# Mounting arm for Fluval 3.0?



## Mike A. (Jan 6, 2018)

I don't have the Fluval 3, but I've used these with a variety of lights:

https://www.amazon.com/gp/product/B01M3SM0UW/ref=ox_sc_saved_title_9?smid=ATVPDKIKX0DER&psc=1

They work OK. Not too expensive. They use a C-shaped plastic bracket that just clips around the light. I'd have to measure it or look to the Current lights to get the width of the clips as they come but if you're handy with a heat gun you can alter that some fairly easily. Or make your own to fit in some other way. Height adjustment is in 3 positions from a couple of inches up to about 5" above the rim of the tank. 

How wide is the Fluval 3?


----------



## TimP (Apr 18, 2018)

Thanks for the quick response! I looked at this one, but I think the arm is too long. My tank is only 12" deep, so I really only need something that hangs about 6-8" over the tank.

To answer your question, the Fluval is 2.5" wide. They do sell brackets for under cabinet mounting I could probably adapt to this fixture, but again I'd probably have to cut it shorter and that may result in an ugly look if I don't do it quite right. Still, it's a cheap DIY option, so at least you've given me something to think about!

EDIT: Yeah, that thing is 15" front to back, so I'd have to cut it in half and perhaps drill a new screw hole. Not the end of the world, but if something else is out there I'd love to have more options.


----------



## Mike A. (Jan 6, 2018)

Yeah, it would be long. It's not a full 15" when on the tank since you lose some to the mounting but it's a good 14" plus. Don't know how cutting it down would work. There's a slot that runs most of the length so possible I suppose if you did it well. 2.5" is relatively narrow for the clips as they come. It's made for something more in the 3.5" - 4" range. You'd have to take them down a lot or come up with something otherwise. Probably could hack it together if you really, really had to but I'd look for something else. 

I do have one of my lights mounted length-wise with one kind of in the same the way that say the Fluval Spec has the light mounted. Which does work and happens to be good for where that tank is set up. I have to pivot the light out to control it manually since the control is on the top but use an automated switch for the most part so works out in my case.


----------



## iliketurtlez (Aug 9, 2018)

*Legos*

Use black legos to build supports. Have an extra layer at the bottom of the supports on the inside and outside of the glass to hold them in place. You can use foam tape to tighten the grip if the gap is too big, just make sure you do it on the of the glass that is out of the water to prevent it from sponging water out of your tank. Use the tile legos on top to make the surface flat. This design is affordable, looks great and is totally customizable. A single row of legos is 8mm wide, so for my 8mm glass, it worked perfect! I hope this helps!


----------



## jeffkrol (Jun 5, 2013)

OK I've made it somewhat of a crusade....
Partially because at one time I needed Eheim gaskets only available in the UK..so where there is a will there is a way..

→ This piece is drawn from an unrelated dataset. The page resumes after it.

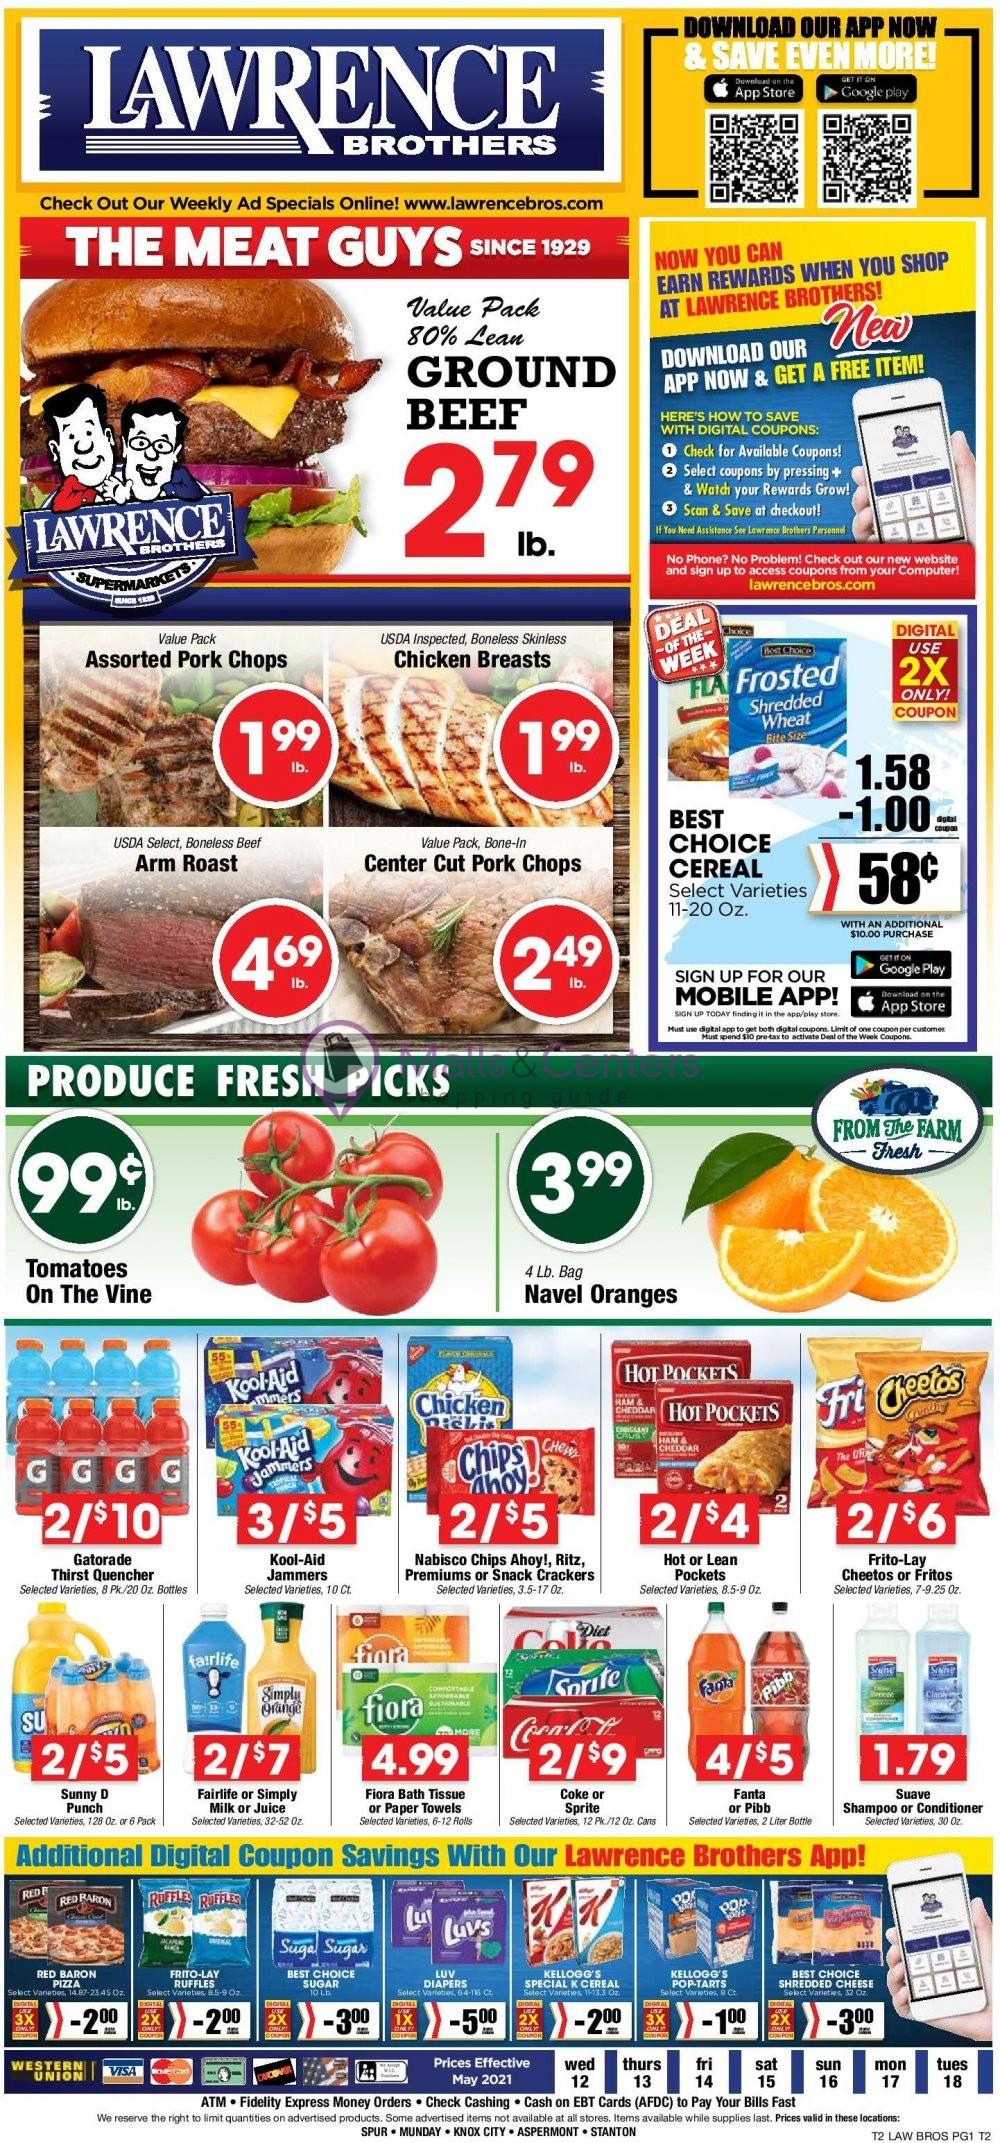 weekly ads CashSaver - page 1 - mallscenters.com

Unfortunately only found the hanging kit for the 3.0 (cable and brackets)
BUT will "post" to the US..

Downside is going to be apparent in a minute..
"Kit' $19.95
Express to US $15.02

Total $34.97 pounds sterling.. 

$44.02..................US $'s approx

202678153906
Evil bay

ACTUALLY also has just clips...


> GBP 11.95
> Approximately US $15.16
> 
> 
> ...


$34.06 US


----------



## jeffkrol (Jun 5, 2013)

DANG.. Above post is in the wrong thread..............glad you found it george..


----------